Während in dem Fall, der der Entscheidung des Senats vom 1. April 2009 (- 10 AZR 393/08 – AP BGB § 242 Betriebliche Übung Nr. 84) zugrunde lag, der übertarifliche Teil der Sonderzahlung in den Abrechnungen jeweils genau ausgewiesen wurde und auch zu anderen Zeitpunkten erfolgte, als dies tarifvertraglich vorgesehen war, fehlt es im vorliegenden Fall an einer solchen eindeutigen Willenskundgabe. Die Sonderzahlung wurde in einem einheitlichen Betrag ausgewiesen.

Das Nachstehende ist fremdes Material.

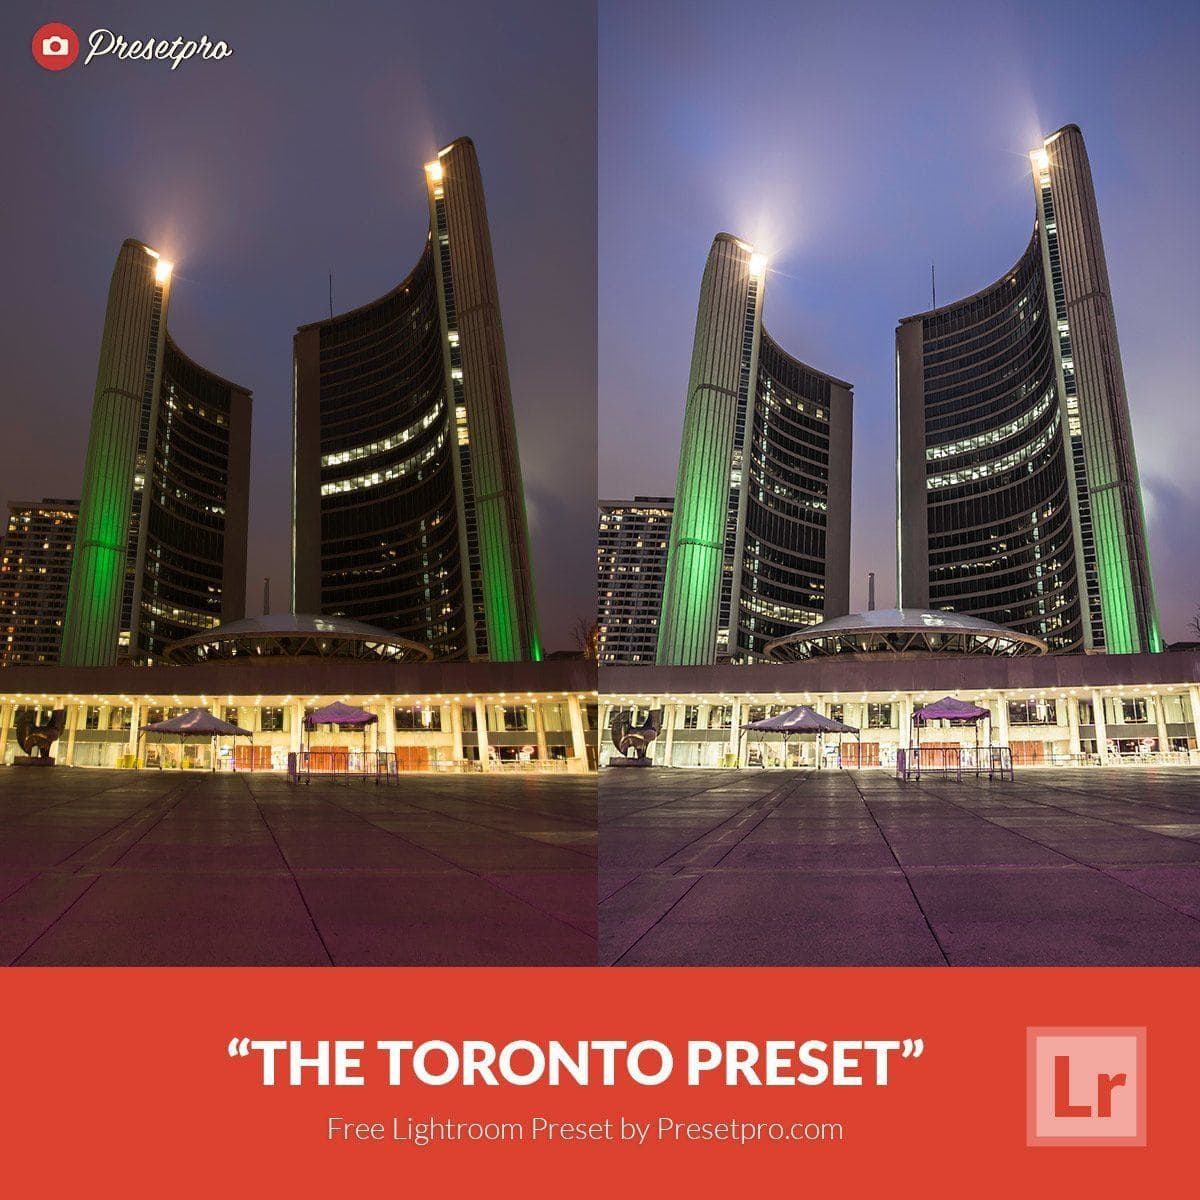 Free-Lightroom-Preset-The-Toronto

Aus der Sicht der betroffenen Arbeitnehmer gab es zwar mehrere Anlässe dafür, dass die Beklagte den von ihr reklamierten Irrtum hätte bemerken müssen. Bei den Verhandlungen über den Übernahmetarifvertrag für andere bayerische Werke im Jahr 2000 und anlässlich der Betriebsübernahme in den Jahren 2003/2004 hat sich die Beklagte mit den einschlägigen Tarifwerken befasst. Dies muss auch bezüglich der Jahressondervergütung geschehen sein, da diese gesondert im Überleitungstarifvertrag erwähnt wurde. Damit ist jedoch nicht ausgeschlossen, dass die Beklagte sich über die Berechnungsweise geirrt hat. Hätte die Beklagte eine übertarifliche Leistung erbringen wollen, hätte es nahe gelegen, dies in irgendeiner Weise zum Ausdruck zu bringen.
5. Zu Recht sind die Vorinstanzen davon ausgegangen, dass die Mitteilungen über den Betriebsübergang nicht mehr ausdrücken als die gesetzlichen Folgen des § 613a BGB. Da bereits bei der Rechtsvorgängerin der Beklagten keine betriebliche Übung entstanden ist, hat auch die Mitteilung, an der Vergütung ändere sich nichts, keinen eigenen rechtsgeschäftlichen Inhalt.
6. Da kein Anspruch auf eine betriebliche Übung entstanden ist, ist auch der Feststellungsantrag unbegründet.